> [SOURCE DATA]
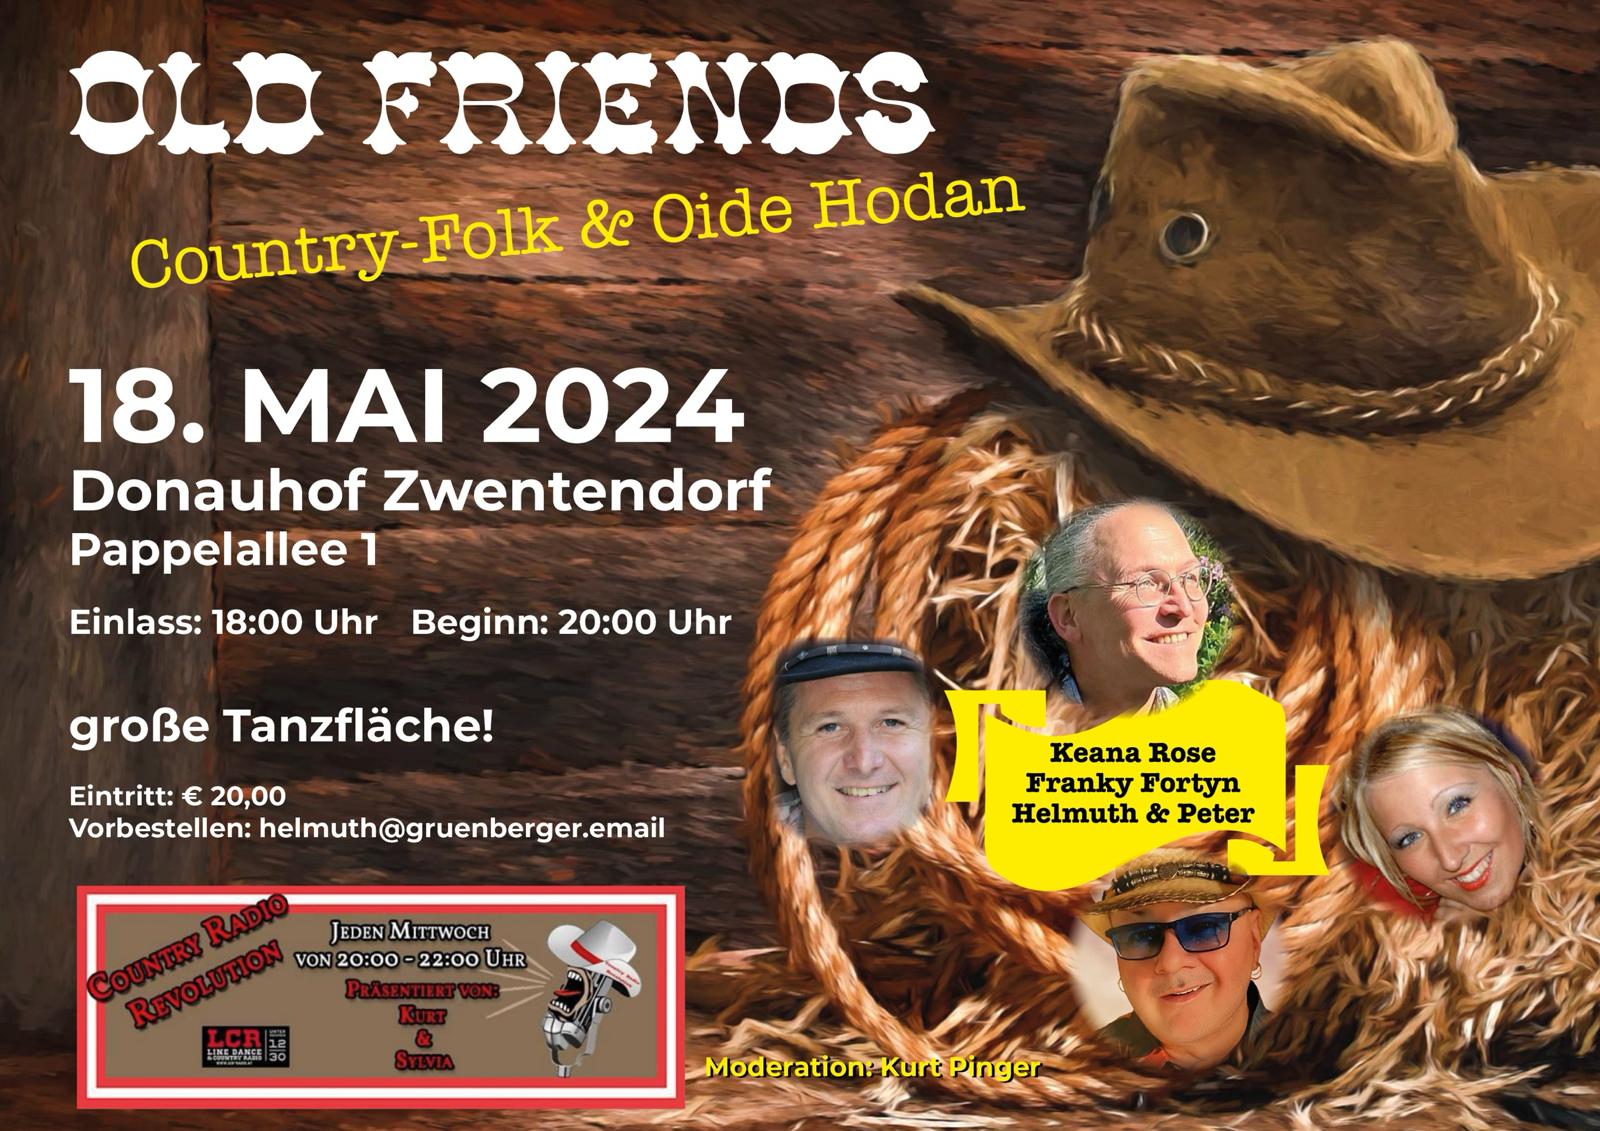 18.05.2024 - Old Friends - Country-Folk & Oide Hodan
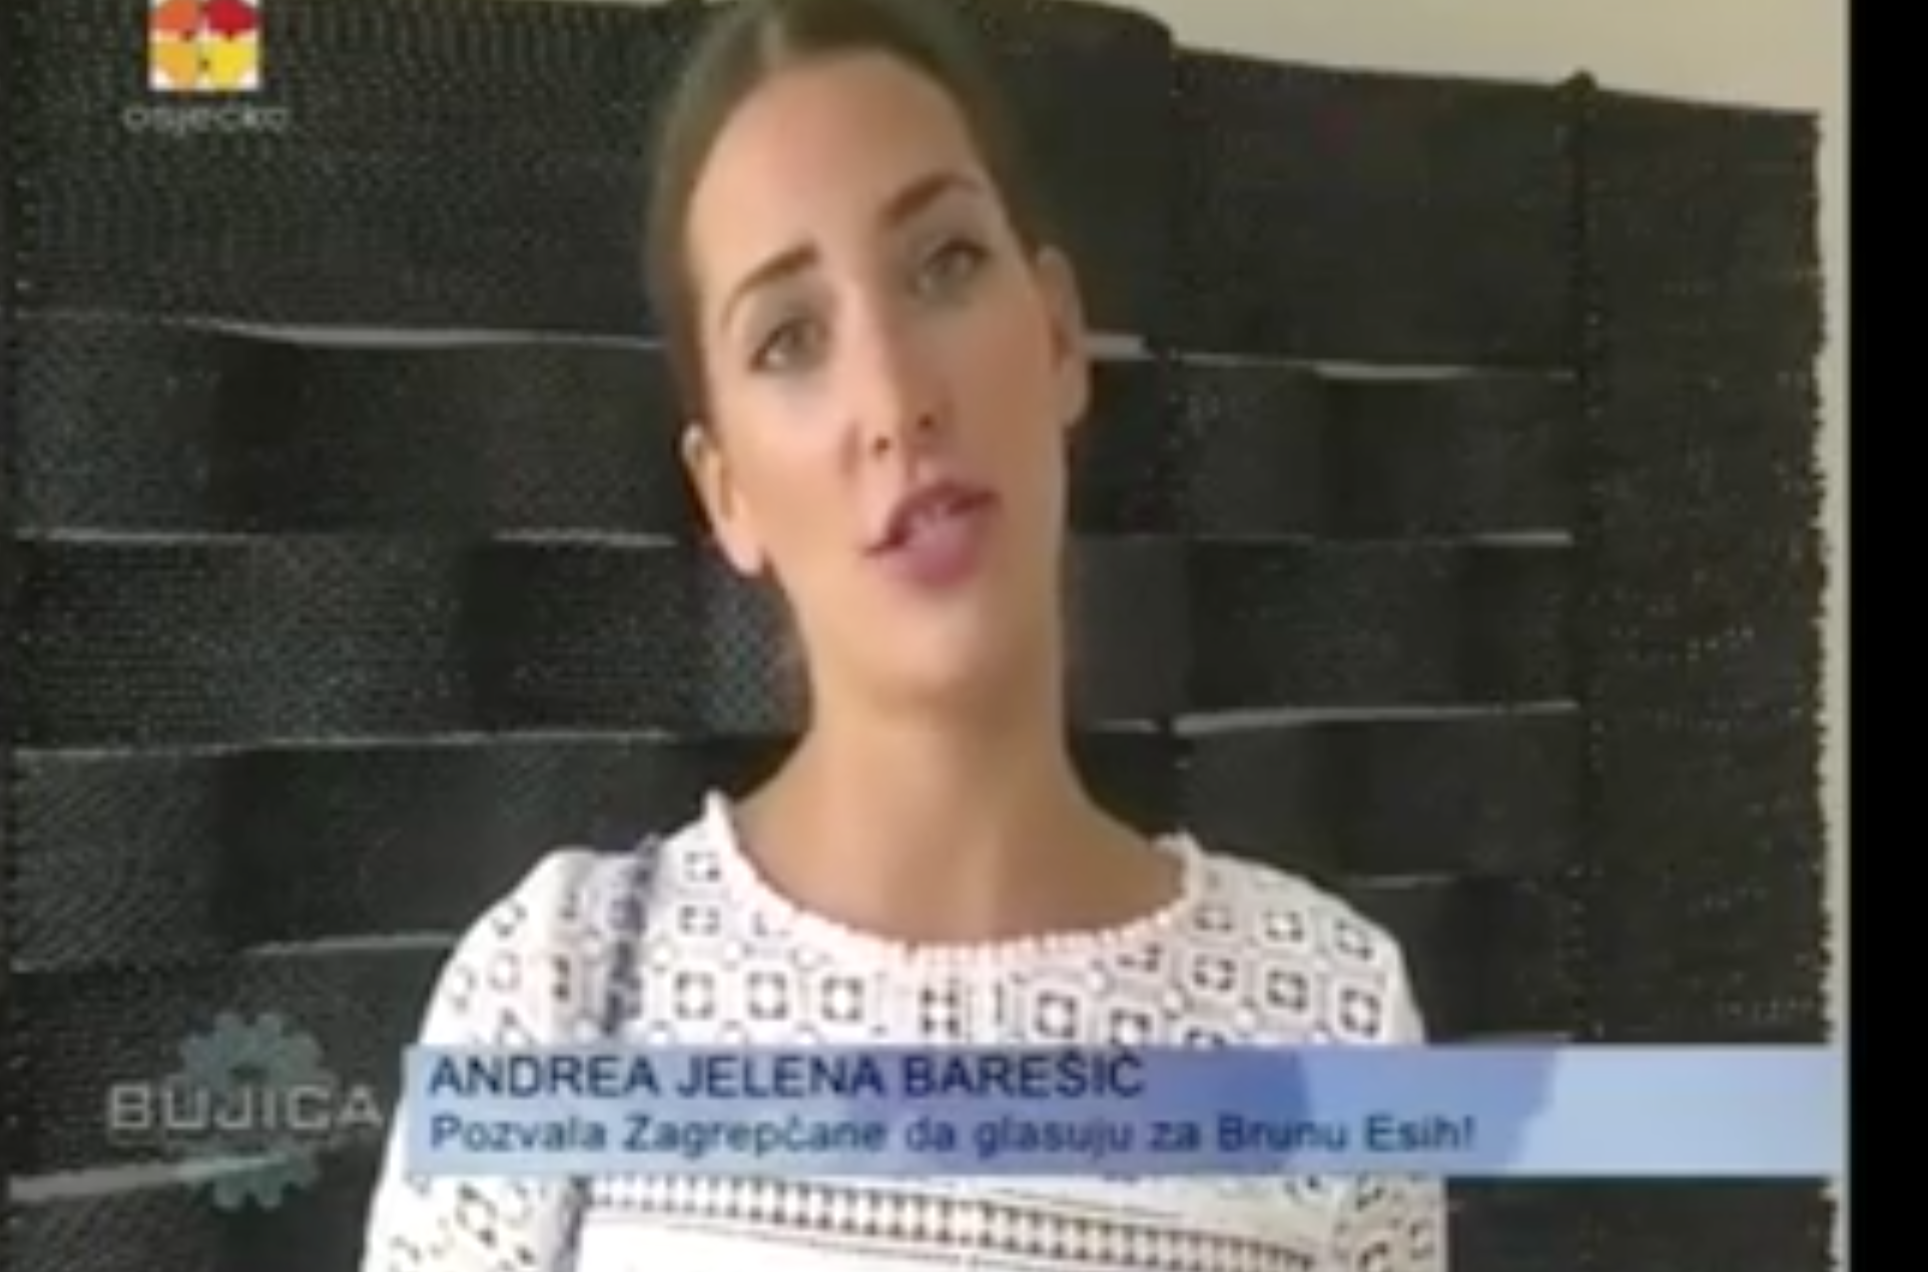 Iz videa u kojem Andrea Jelena Barešić poziva gledatelje Bujice da glasaju za gospođu Esih
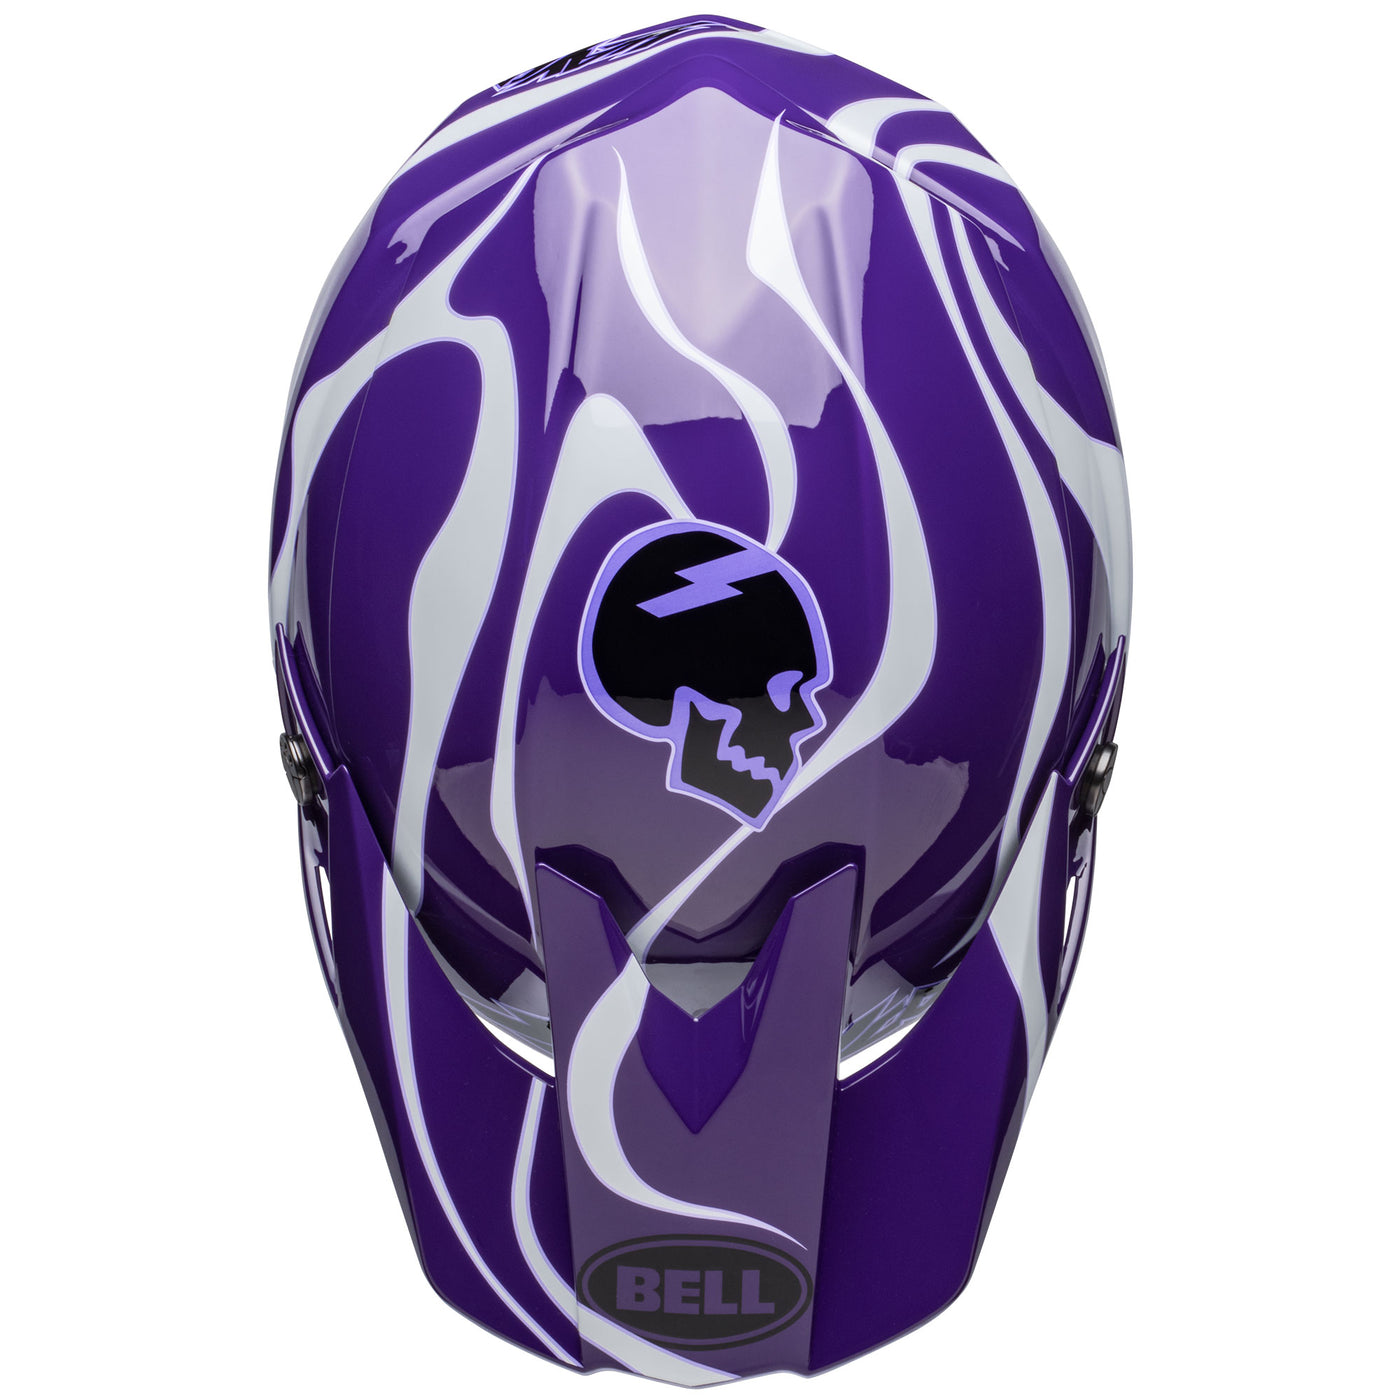 bell moto 10 spherical le dirt motorcycle helmet slayco gloss purple white top

> [ASSIGNED TASK] Pictures are to be left out. Otherwise, copy the material above exactly.

> [RESPONSE AREA]
 18.05.2024 - Old Friends - Country-Folk & Oide Hodan
 Iz videa u kojem Andrea Jelena Barešić poziva gledatelje Bujice da glasaju za gospođu Esih
 bell moto 10 spherical le dirt motorcycle helmet slayco gloss purple white top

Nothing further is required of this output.